The bride was a daughter of one of Padma’s childhood friends. The reception traditionally comes before the wedding. The traffic was at a standstill and members of a marching band with instruments and full regalia passed our stopped car. We joked that maybe they were going to the party—They were! We arrived just in time to see the marching band come down a dark road lit by porters with elaborate gas lanterns on their head. The band marched the car with the groom and his sister in it. They stepped out of the car with such regality. The groom is from the north, and the bride from Hyderabad and so there was a tribute to both cultures. The brother and sister walked together down a path covered with arches laiden with flowers. The parents followed and then the guests. We walked into a wonderland! Towers of fruits and flowers everywhere. The people were dressed so splendidly—the finest and most beautiful saris and silks. There were throngs of people, and waiters with trays of h‘ors de oeuvres and juices. A receiving line on the stage, “Are you friends of the brides?. . .No? The Groom?” people asked. Barbara and I were the only white faces in the crowd. Then---THE FOOD! The food, the food the food. Unbelievable amounts and variety of foods. We took small bites of food down the line each one an explosion of taste. The servers would watch our face and beam large bright smiles as we oohed and ahhed over our taste. We were there for hours, talking and mingling with the people. The grooms family from Rajasthan. His people had bright orange hair, startling to me. It was explained that they did not like white hair, and so when they go grey they color it with henna. Everyone treated us as though we were long lost friends. Watching people greet and speak with Padma only increased my appreciation. A teacher she had in secondary school was there. We left late happy and heavy with food and feast.

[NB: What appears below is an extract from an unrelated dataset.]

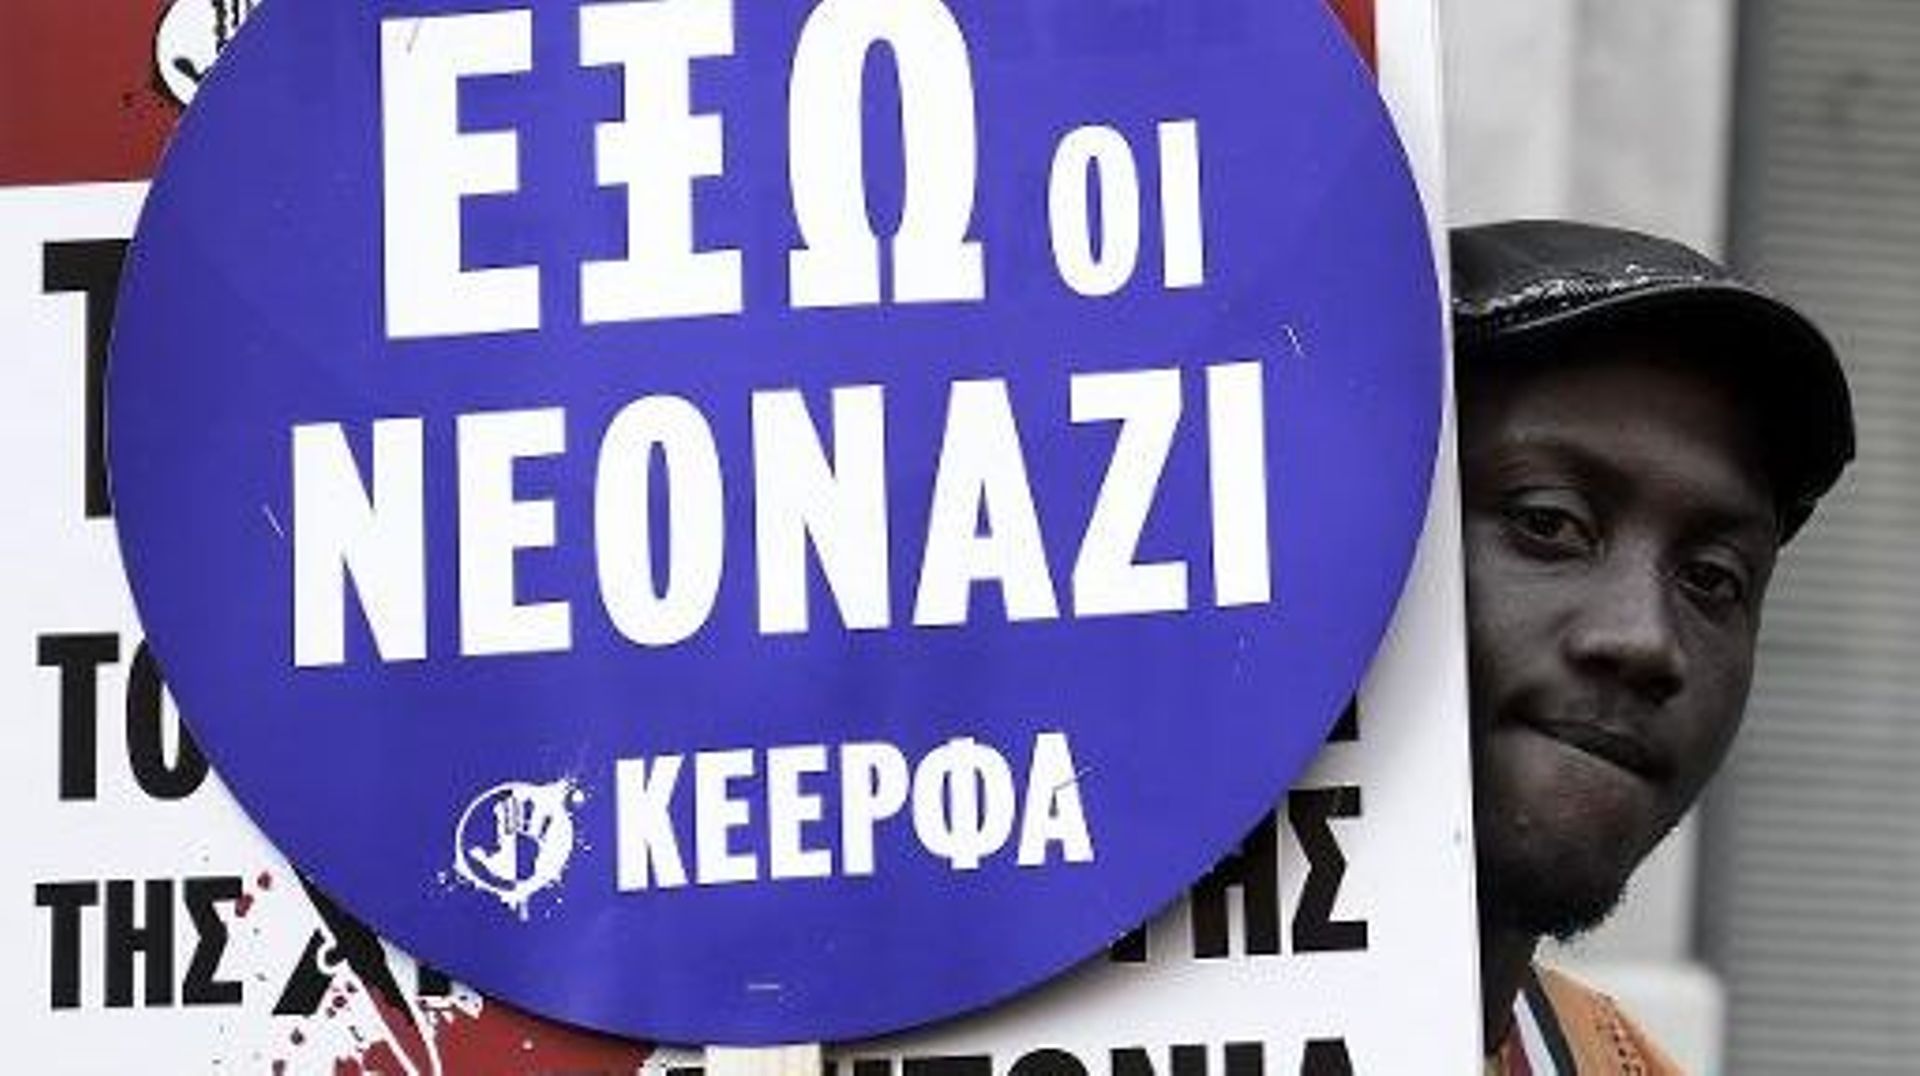 Des milliers de migrants, sympathisants de gauche et des droits de l'homme, manifestent  à Athènes contre "le fascisme" et "le racisme", le 22 mars 2014

In the morning we dressed for the wedding. It was held at a hotel with a roof top buffet restaurant, and two big rooms. The groom sat on mats on a raised platform with the brides parents and 2 pooja men under bright spotlights. The priests were reciting the Vedas to him for hours which explained what is expected of him as a husband. Barbara and I tiptoed in and took a side seat—there were not many people there yet. The grooms uncle came in and greeted us, “Oh—come and have breakfast!” he boomed. And we did. Traditional south Indian breakfast of a porridge, chapattis, fruit and curd (yogurt), and coffee. We spent some time talking to the grooms sister and aunt and then returned to the same scene of the wedding. People came in and out, called out to each other talked and laughed. The parents on the stage called out to friends who came. It was a very relaxed and informal occasion except for the groom who was sweating and looking very uncomfortable. This went on for several hours. I had a really good talk with the grooms sister and her husband. They live in Philidelphia and are both pharmacist. The bride and groom are both student getting their PHD at MIT where they met. His father is one of the scientists who worked on India’s space shuttle to the moon. The whole team was there! I remember when we began our space program and the enthusiasm and pride it carried. I think many educational and development schemes came out of this for the USA. The enthusiasm in Indians is great. Very educated and gracious people. After about 4 hours the bride came in, and everyone perked up. The pictures speak for what words cannot say. They sat side by side listening to the priests with parents by their side. AT one point a fire was lit and they walked around the flame—smoke billowing up and filling the room as spices and things were added to it. Her sari was tied to his scarf and they walked around some more. He placed silver rings on her toes. They were married. We seemed to meet everyone and in returning to the wedding from the night before it felt as though we were seeing old friends. My friends in India.

The trip back to Chennai was another overnight train ride. Our cabin (Without walls) was right by the open door. The seemed nice—cool air rushing in. However, it also meant that people hopped on and off during the night. One such unknown person took Barbara’s Teva sandels with them. We arrived to school with an hour to spare and many memories to savor.